— What the task requires —
Every line from the one with "Solution:0.014139345 as a" through the last line below should be repeated exactly; pictures stay out of the copy.

— Source data —
************
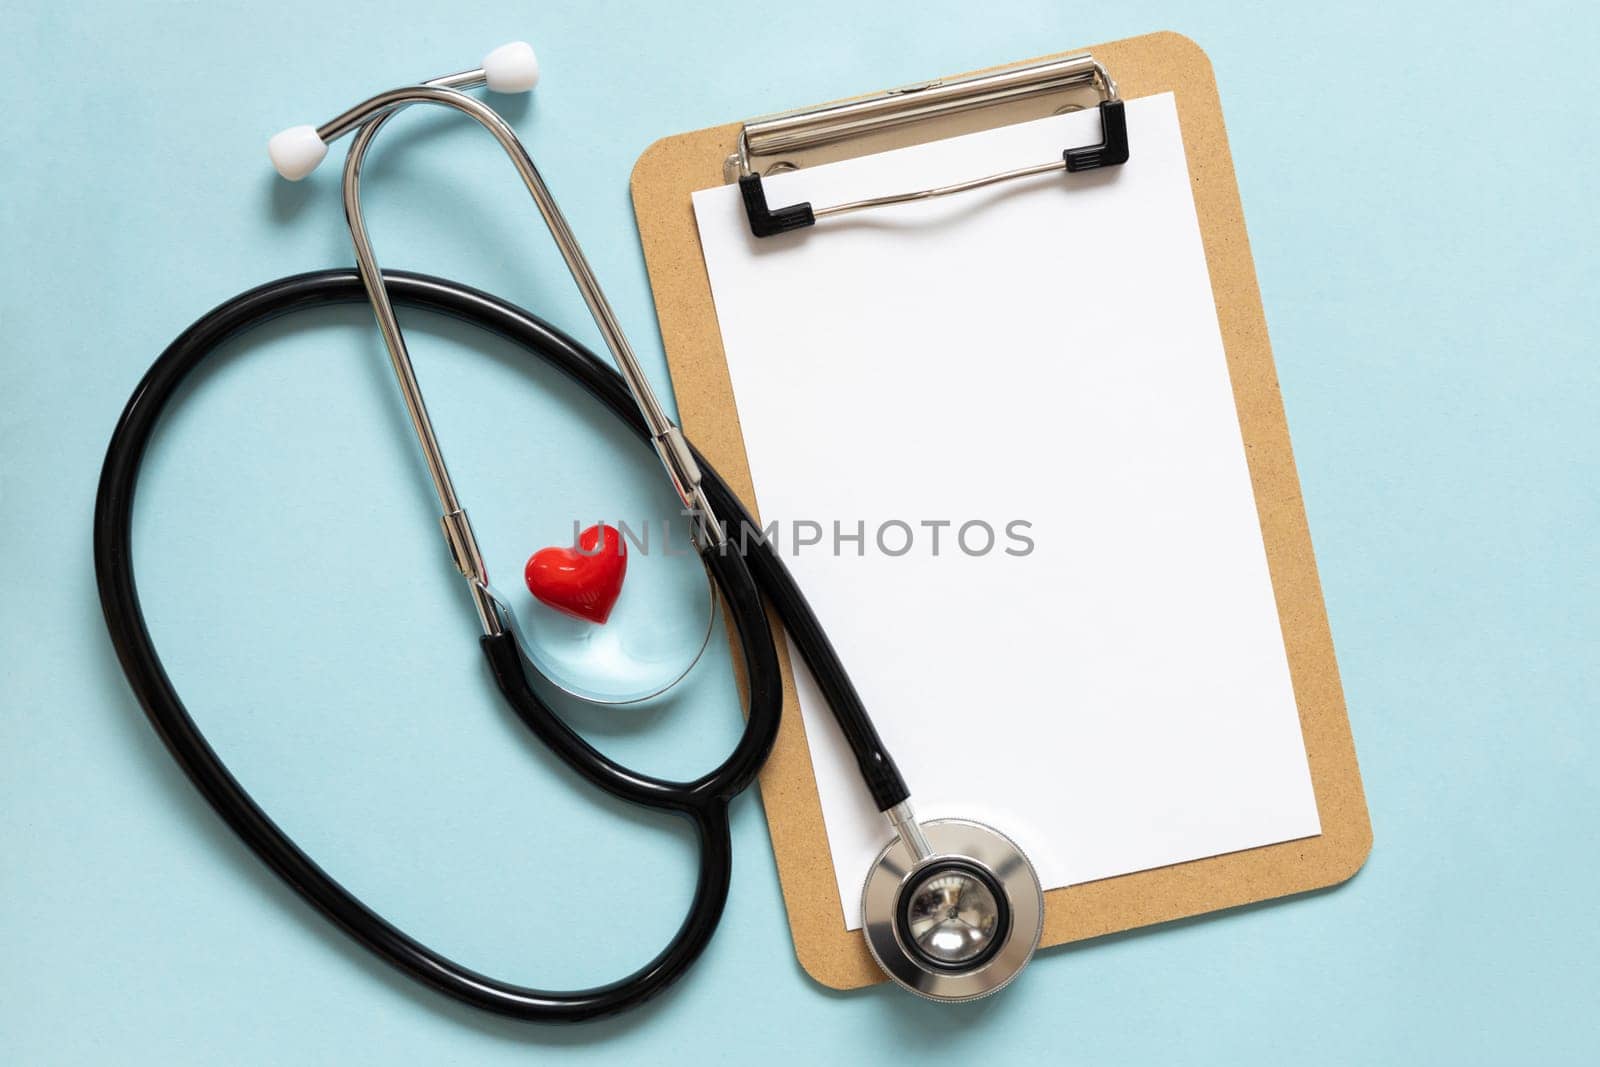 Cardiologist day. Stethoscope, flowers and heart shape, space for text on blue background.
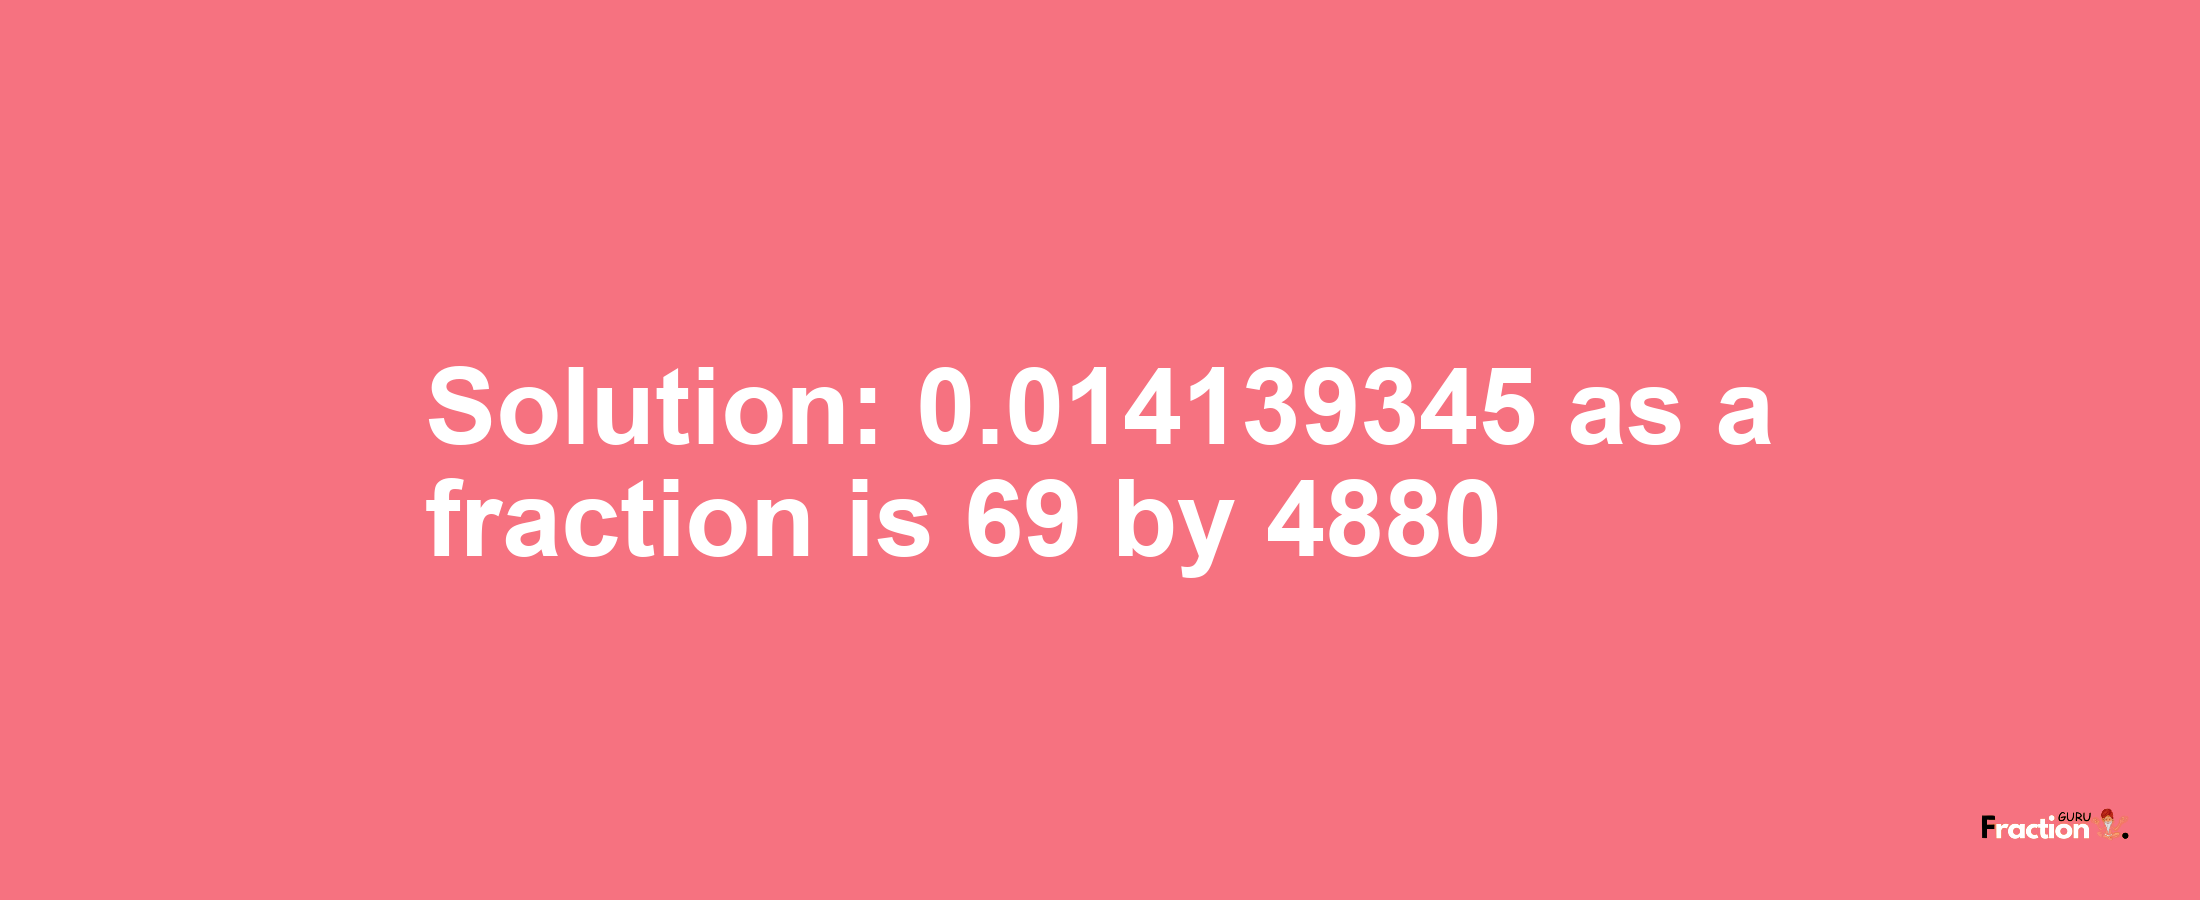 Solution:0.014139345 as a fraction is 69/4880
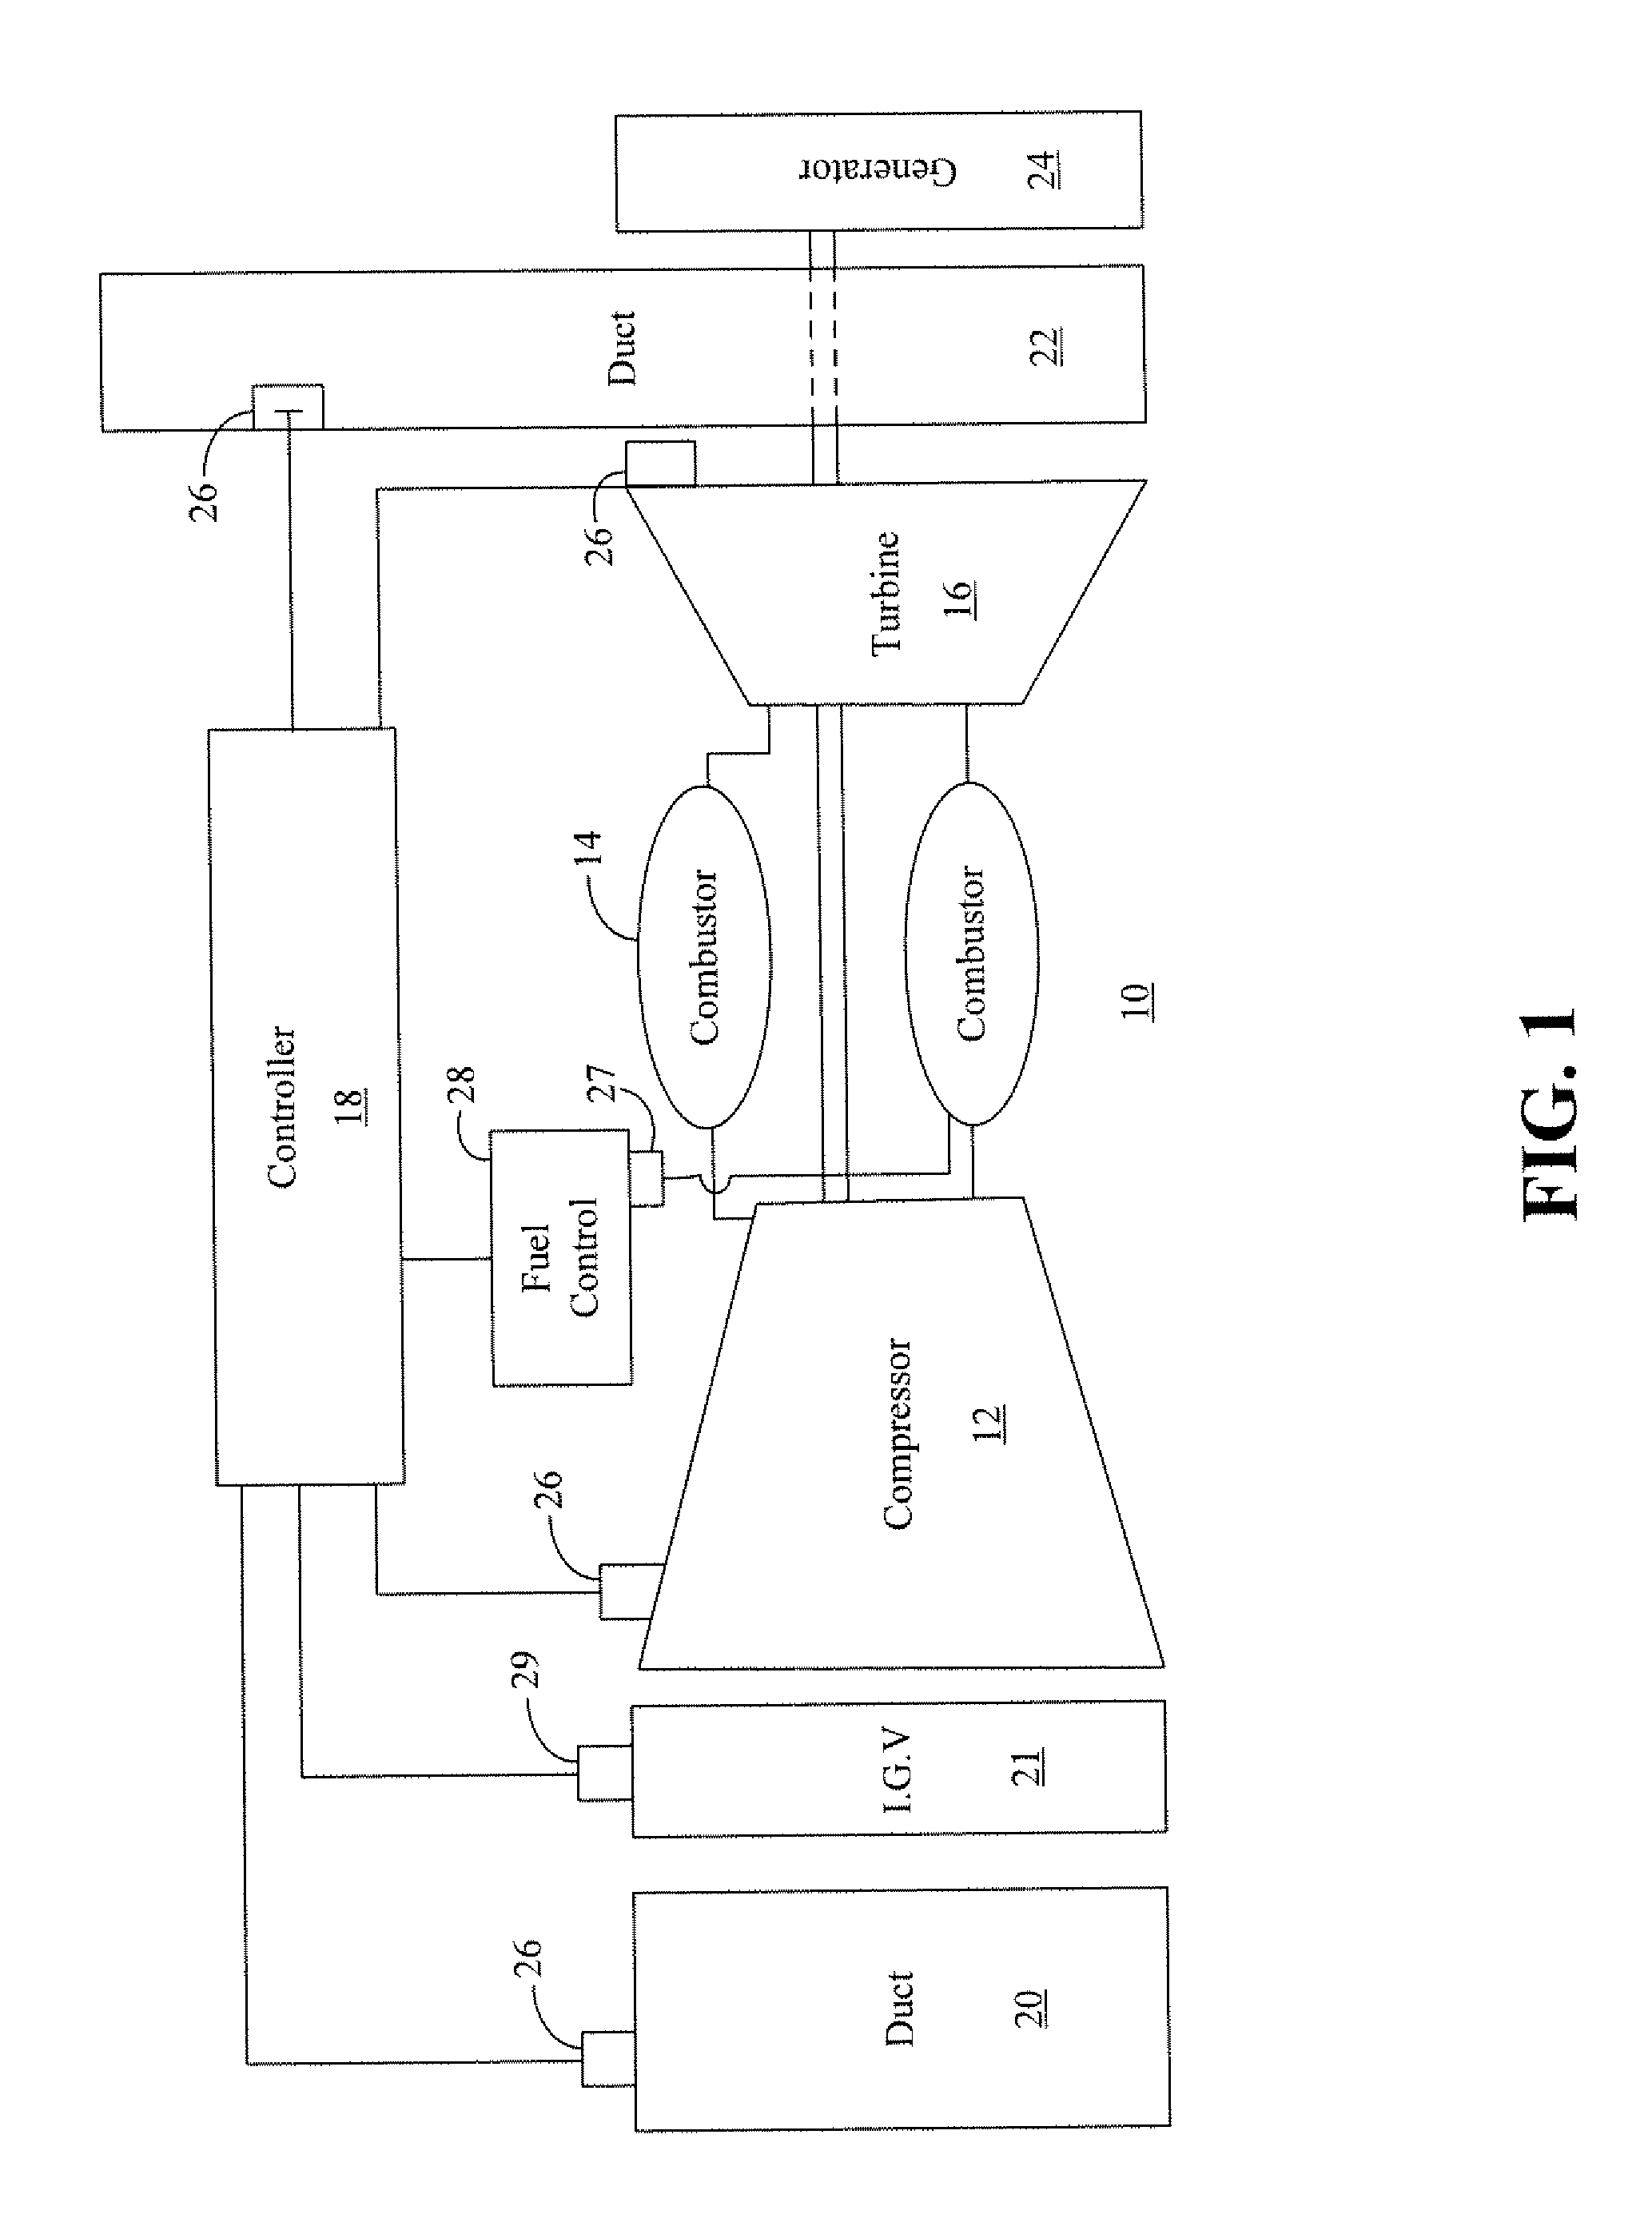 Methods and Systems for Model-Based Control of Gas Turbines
************
— Solved exercise —
 Solution:0.014139345 as a fraction is 69/4880
 Methods and Systems for Model-Based Control of Gas Turbines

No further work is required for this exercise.